How many numbers of mole of Na2CO3 is 1 From the equation, which correspond with option A.
and the concentration is 0.01mol/dm³ which correspond with option C
I think, nA/nB = CAVA/n.
where nA/nB is mole ratio of the reacting mole of HCl to Na2CO3 = 2/1. CA is concentration of HCl given as 0.05mol/dm3 . VA is volume of HCl given as 10cm3 = 0.01dm3. and n is the number of mole of Na2CO3 required to neutralize the HCl.
So, n = CAVA/(nA/nB) = 0.05 × 0.01/2 = 2.5×10^-4mol.
There number of mole of CaCO3 required to completely neutralize 10cm3 of 0.05mol/dm3 concentration of HCl is 2.5×10^-4 mol
I think, nA/nB = CAVA/n.
where nA/nB is mole ratio of the reacting mole of HCl to Na2CO3 = 2/1. CA is concentration of HCl given as 0.05mol/dm3 . VA is volume of HCl given as 10cm3 = 0.01dm3. and n is the number of mole of Na2CO3 required to neutralize the HCl.

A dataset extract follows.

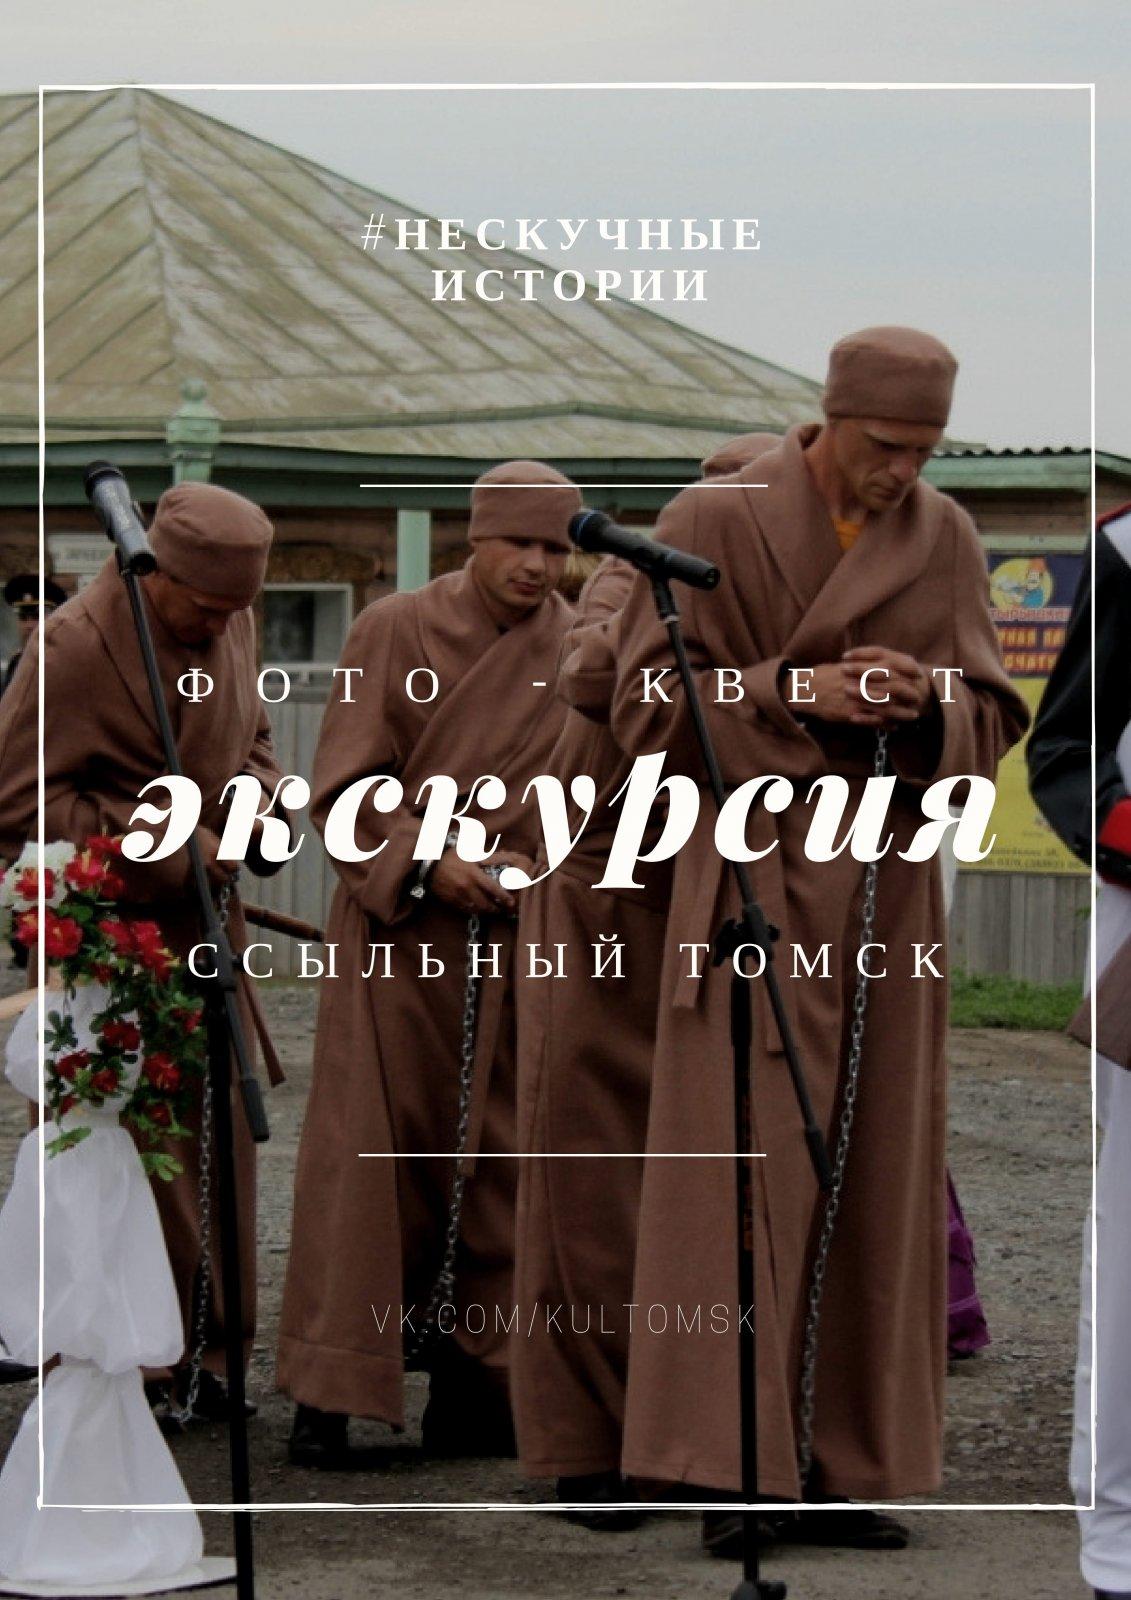 Ссыльные Томска

So, n = CAVA/(nA/nB) = 0.05 × 0.01/2 = 2.5×10^4mol.
There number of mole of CaCO3 required to completely neutralize 10cm3 of 0.05mol/dm3 concentration of HCl is 2.5×10^4 mol
CAVA/CBVB=NA/NB
We are looking for CB(concentration of base)
=CAVA*NB/VB*NA
=10*0.05/25*2=0.01 ans c.
Don't understand you guys? Correct solving but wrong option?
So this is how Jamb kept frustrating us abi?